Trying llama.cpp
llama.cpp
When attempting to run llama.cpp
with a model, you might encounter an error like this:
% ./main -m models/7B/Phi-3-mini-4k-instruct-q4.gguf
main: build = 964 (f3c3b4b)
main: seed = 1737736417
llama.cpp: loading model from models/7B/Phi-3-mini-4k-instruct-q4.gguf
error loading model: unknown (magic, version) combination: 46554747, 00000003; is this really a GGML file?
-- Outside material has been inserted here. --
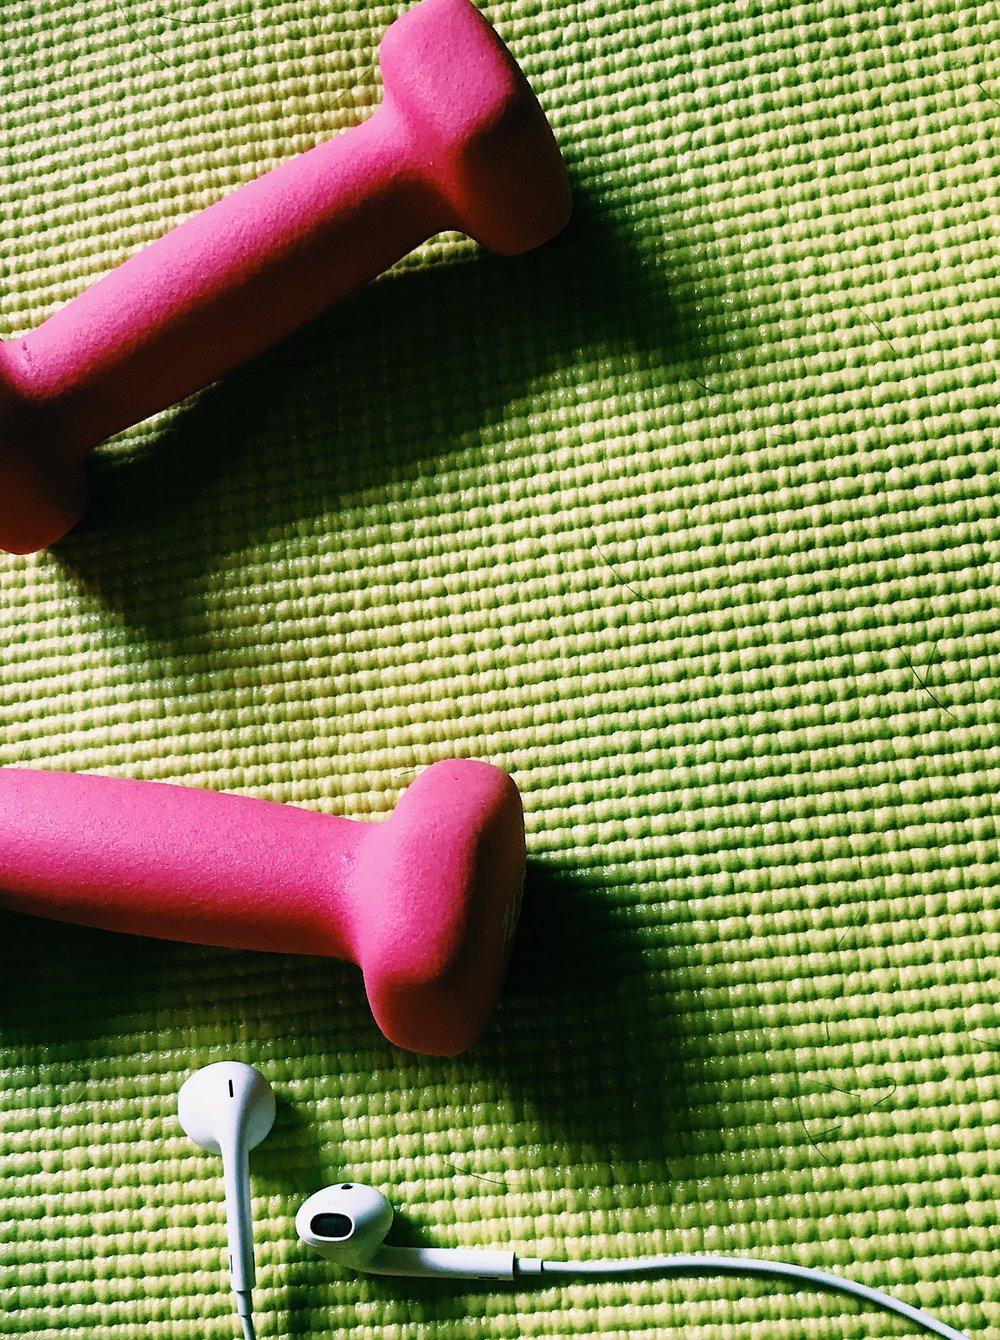 Three Heel Clicks - 2 Months of BBG (2).jpg

llama_load_model_from_file: failed to load model
llama_init_from_gpt_params: error: failed to load model 'models/7B/Phi-3-mini-4k-instruct-q4.gguf'
main: error: unable to load model
This error occurs because you are running the main
program. Running the llama-cli
or llama-server
programs located under build/bin
should resolve the issue.
The main
program was created on Aug 8 2023, which means it is not the current build.
Another solution is to install llama.cpp
using Homebrew:
brew install llama.cpp
This ensures that you have a compatible version of the library.
Serving the Model
/home/lzw/Projects/llama.cpp/build/bin/llama-server -m /home/lzw/Projects/llama.cpp/models/DeepSeek-R1-Distill-Qwen-14B-Q5_K_M.gguf --port 8000 --ctx-size 2048 --batch-size 512 --n-gpu-layers 49 --threads 8 --parallel 1
The parameters --ctx-size 2048 --batch-size 512 --n-gpu-layers 49 --threads 8 --parallel 1
are important. They will boost the speed.
LLM Farm
It’s a great iOS app. In the settings, there are around 20 models. When importing a GGUF model by ourselves, which are downloaded from Hugging Face, it may lead to a crash.
Benefits
Self-hosting these LLM models allows you to run them locally without needing network access. For example, when downloading large files that congest the network, running a local model can be beneficial.